PostgreSQL pgvector: HNSW Indexing for Production Vector Search

October 4, 2025

21 min read

Goh Ling Yong

Technology enthusiast and software architect specializing in AI-driven development tools and modern software engineering practices. Passionate about the intersection of artificial intelligence and human creativity in building tomorrow's digital solutions.

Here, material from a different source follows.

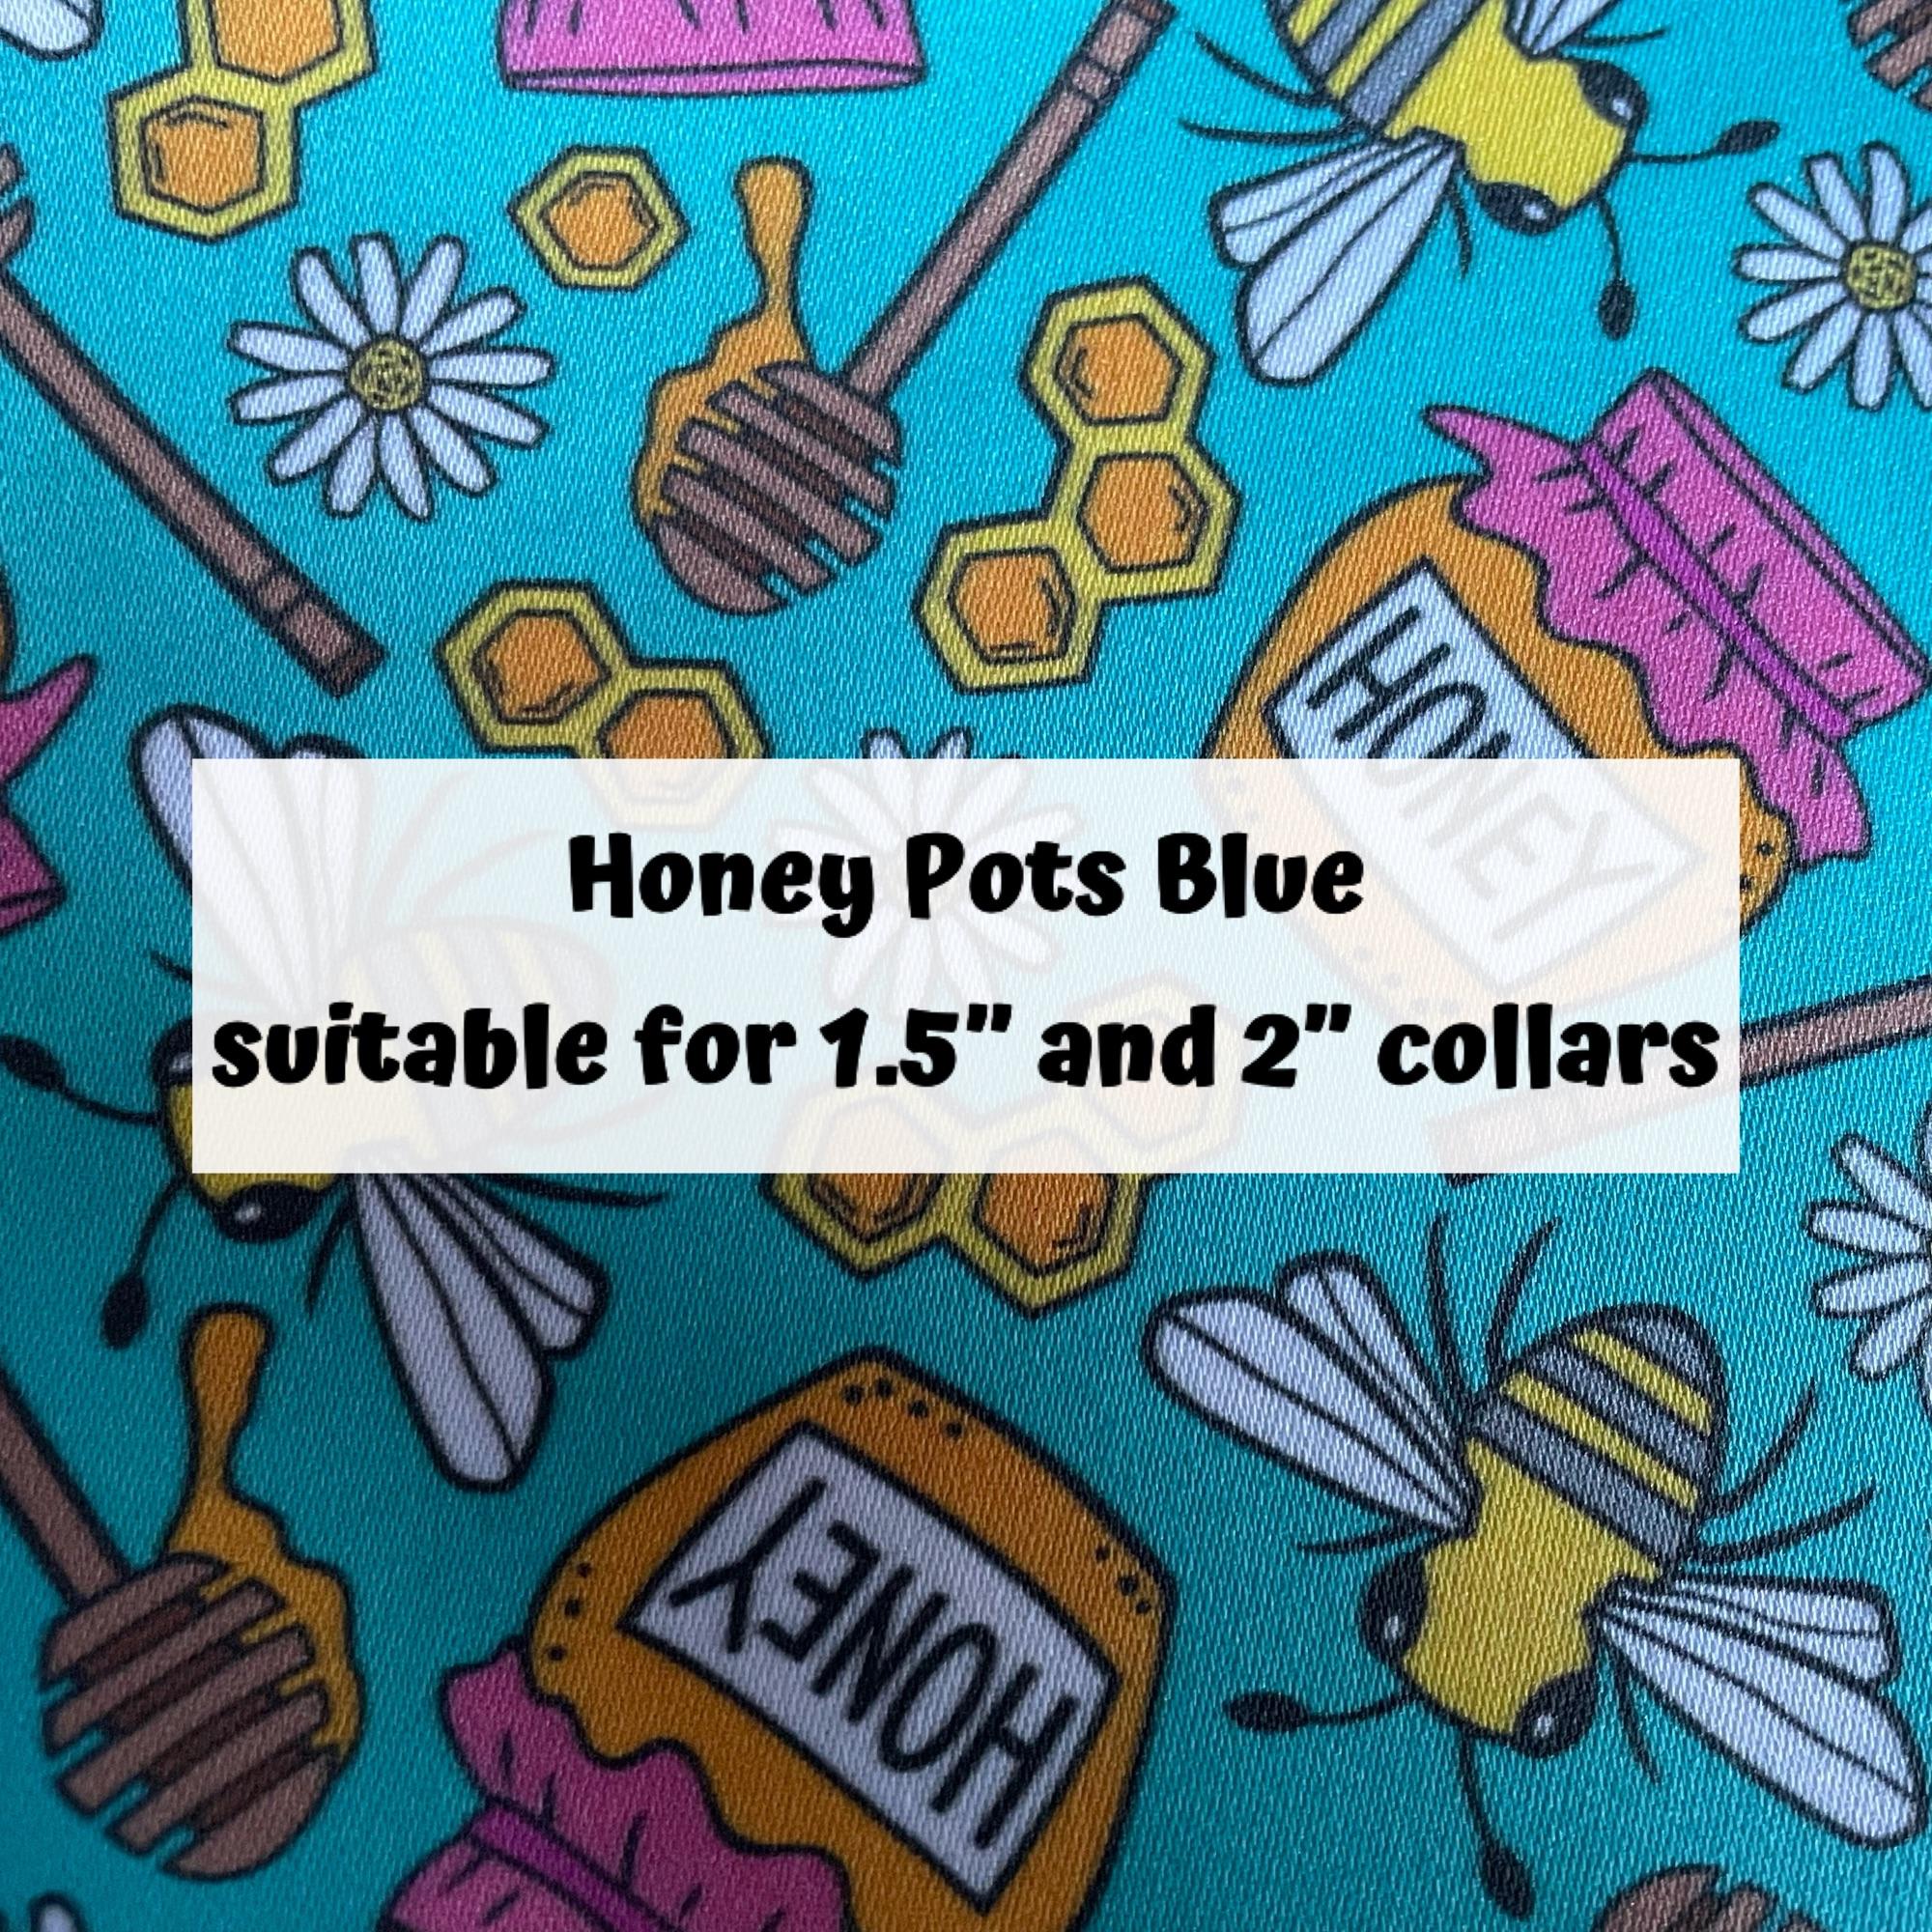 Honey Pots Blue

The Performance Cliff of Naive Vector Search

For any senior engineer tasked with implementing semantic search, Retrieval-Augmented Generation (RAG), or recommendation systems, the initial foray into vector databases often starts with a simple, elegant query. Using pgvector in PostgreSQL, that query looks like this:

sql

SELECT id, content
FROM documents
ORDER BY embedding <-> '[...query_vector...]'
LIMIT 10;

This uses the L2 distance operator (<->) to find the 10 documents whose embeddings are closest to a given query vector. It's clean, intuitive, and works flawlessly on a development dataset of a few thousand rows. The problem, as many discover when moving towards production, is that this query performs an exhaustive sequential scan. It computes the distance between the query vector and every single row in the table before sorting them to find the top K. The time complexity is O(N), where N is the number of rows. On a table with millions of vectors, this query's latency moves from milliseconds to tens of seconds or even minutes, rendering it useless for any real-time application.

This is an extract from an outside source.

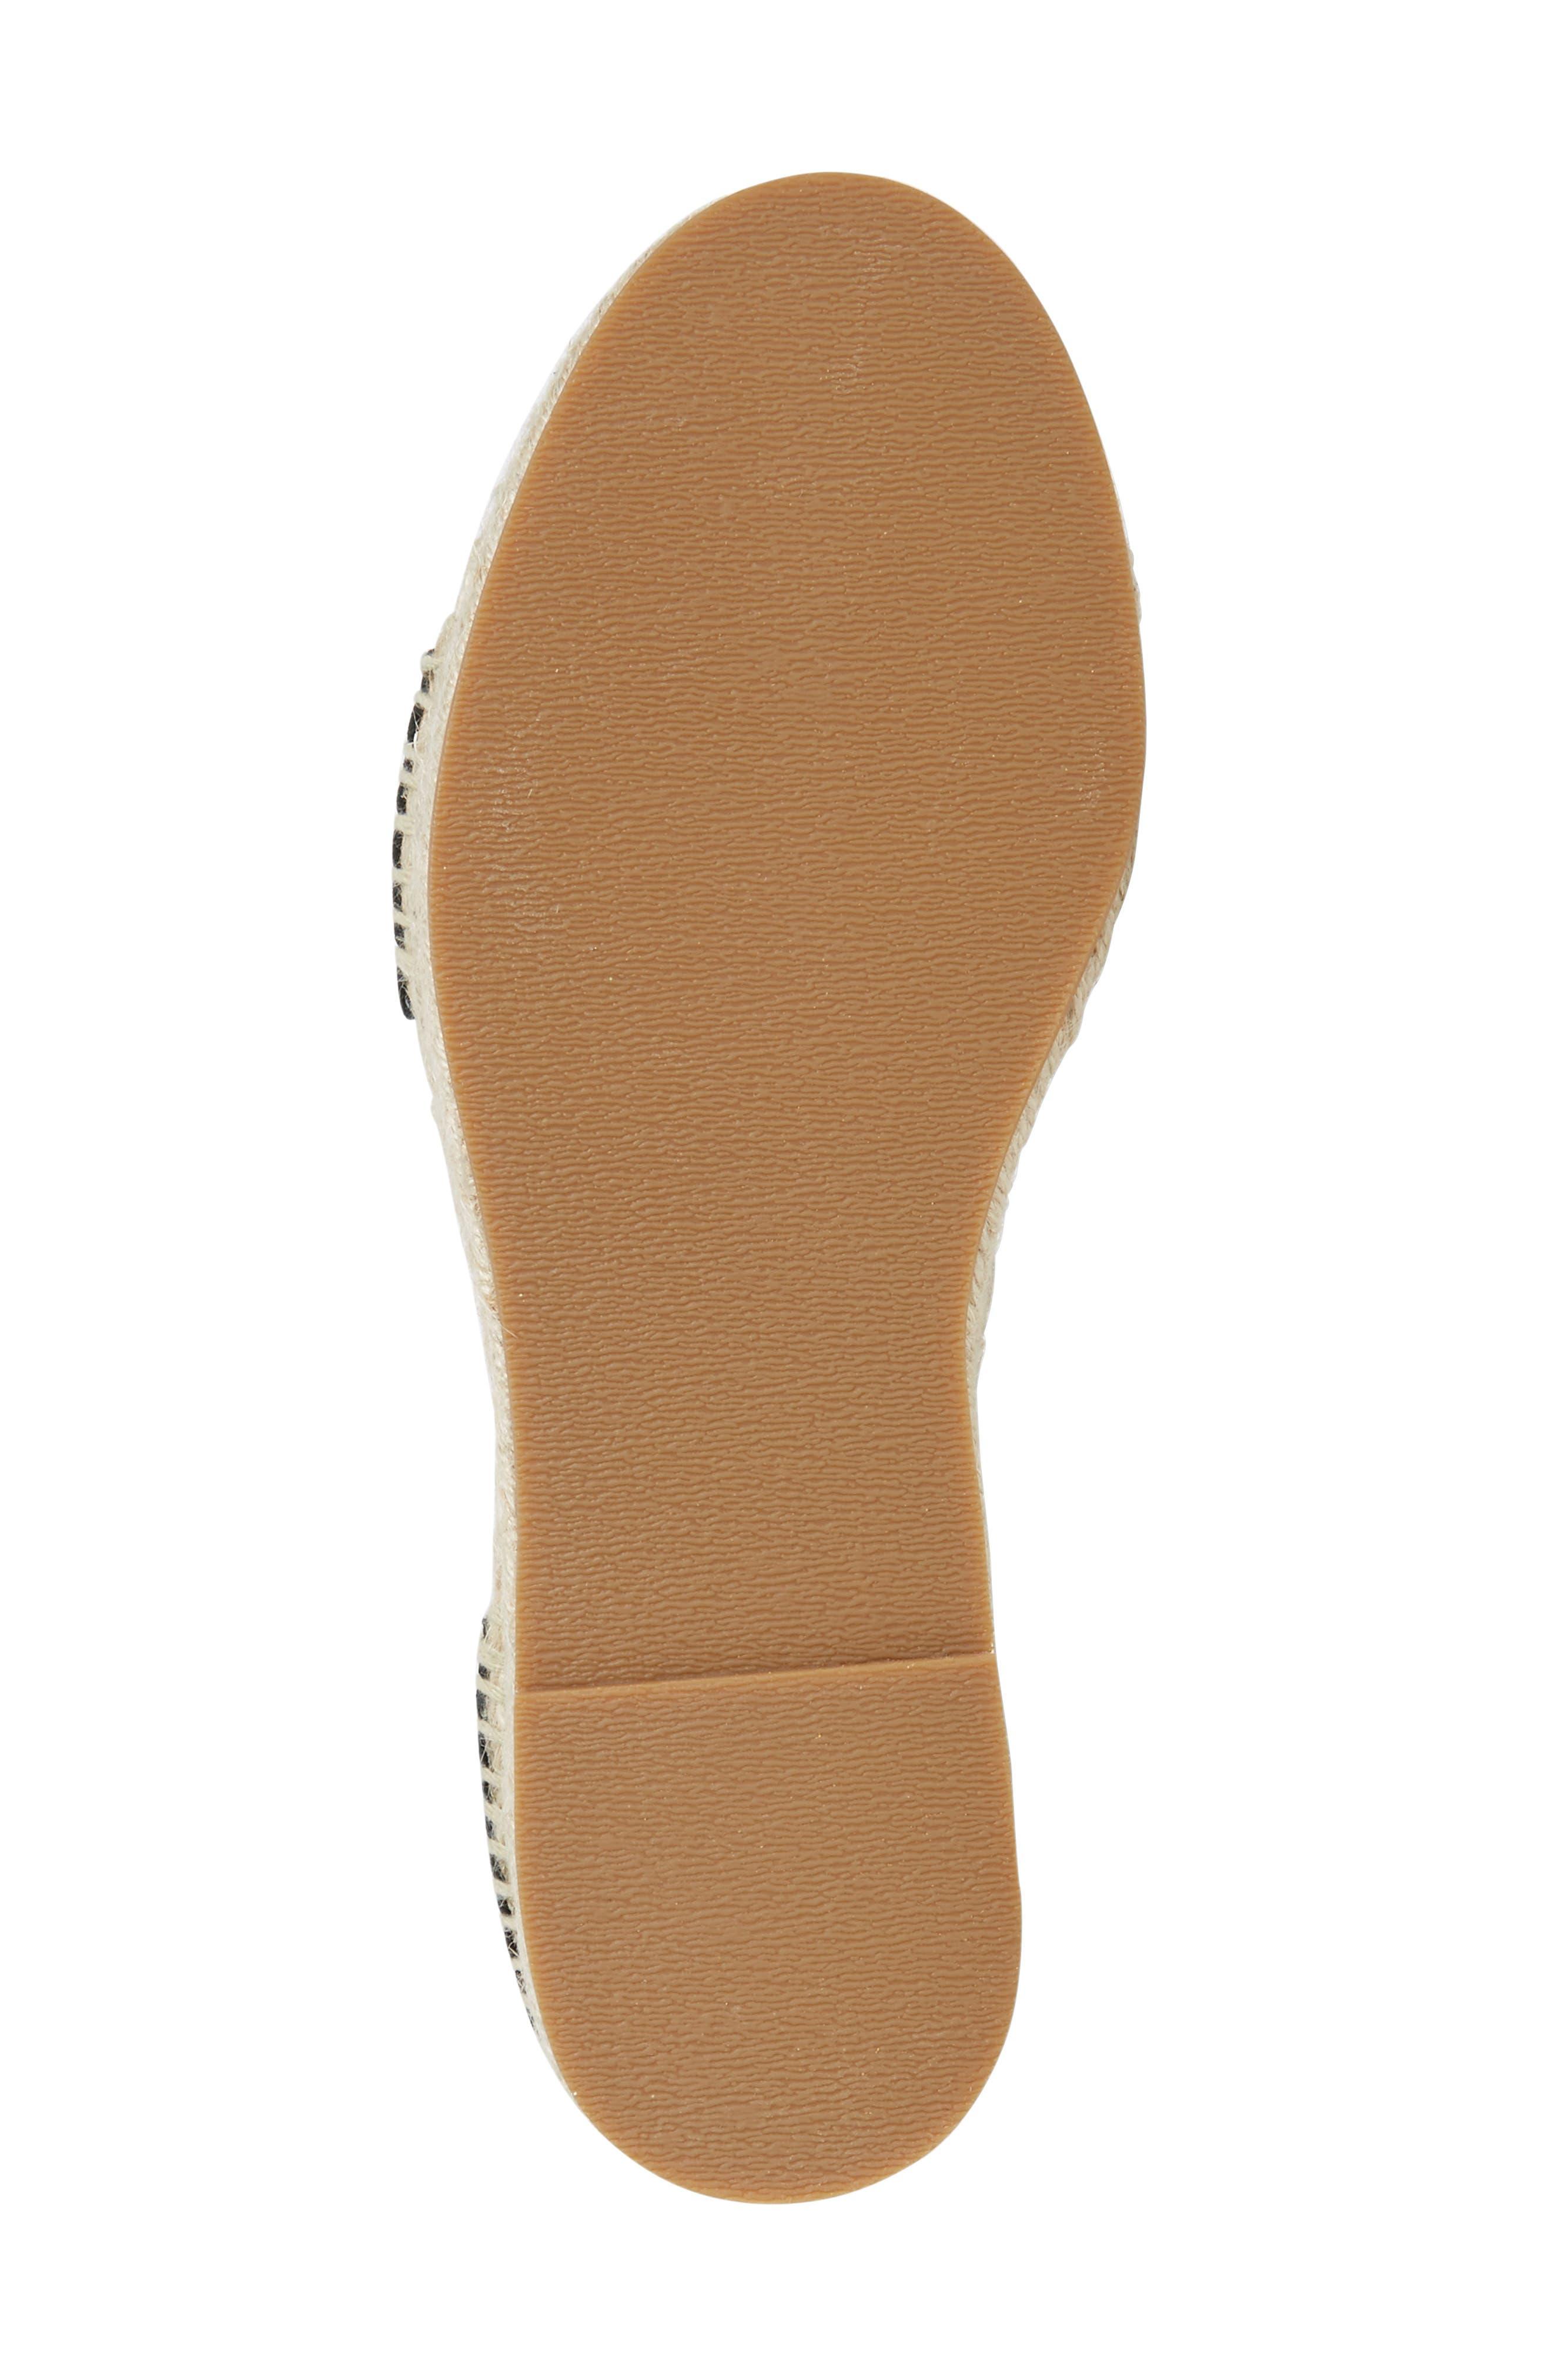 SPLENDID, Jensen Platform Espadrille Sandal, Alternate thumbnail 4, color, 002

This is the performance cliff that necessitates an Approximate Nearest Neighbor (ANN) index. ANN algorithms trade a small, often negligible, amount of accuracy (recall) for a massive gain in search speed, typically achieving sub-linear, often logarithmic, complexity. pgvector offers two primary ANN index types: ivfflat and hnsw. While ivfflat is powerful, hnsw (Hierarchical Navigable Small World) has become the de facto choice for applications demanding low latency and high recall. However, unlocking its true potential requires moving beyond the default settings and mastering its complex internal mechanics and tuning parameters.

This article is a deep dive into the HNSW index in pgvector. We will dissect its architecture, provide a rigorous framework for tuning its parameters, and explore production-level considerations for deployment, maintenance, and performance optimization.

A Conceptual Deep Dive into HNSW

To effectively tune HNSW, we must first understand how it works. HNSW organizes data points (vectors) into a multi-layered graph, resembling a series of nested proximity networks.

Imagine a road network. A naive search would be like visiting every house in a city to find the closest one to you. HNSW builds an expressway system over this local road network.

The Layers: The bottom-most layer (Layer 0) contains every single vector. Each subsequent layer above it is a sparse, long-range "expressway" containing a subset of the nodes from the layer below. The topmost layer is the sparsest, connecting only a few, distant nodes.

The Connections (m): Within each layer, each node is connected to a fixed number of its nearest neighbors. This number of connections is a critical parameter, m, which defines the density of the graph.

The Search Process: A search begins at a predefined entry point in the topmost, sparsest layer.

1. The algorithm greedily traverses the graph in the current layer, always moving to the connected node closest to the query vector.

2. Once it finds a local minimum (a node where all its neighbors are further away from the query vector than it is), it drops down to the next layer below.

3. The process repeats: greedy traversal on the new layer, finding a local minimum, and dropping down again.

4. This continues until the search is completed on the dense bottom layer (Layer 0).

The brilliance of this approach is that the upper layers allow the search to quickly traverse vast distances across the vector space, while the lower, denser layers enable fine-grained, accurate searching once the algorithm is in the correct neighborhood. This hierarchical navigation is what gives HNSW its speed.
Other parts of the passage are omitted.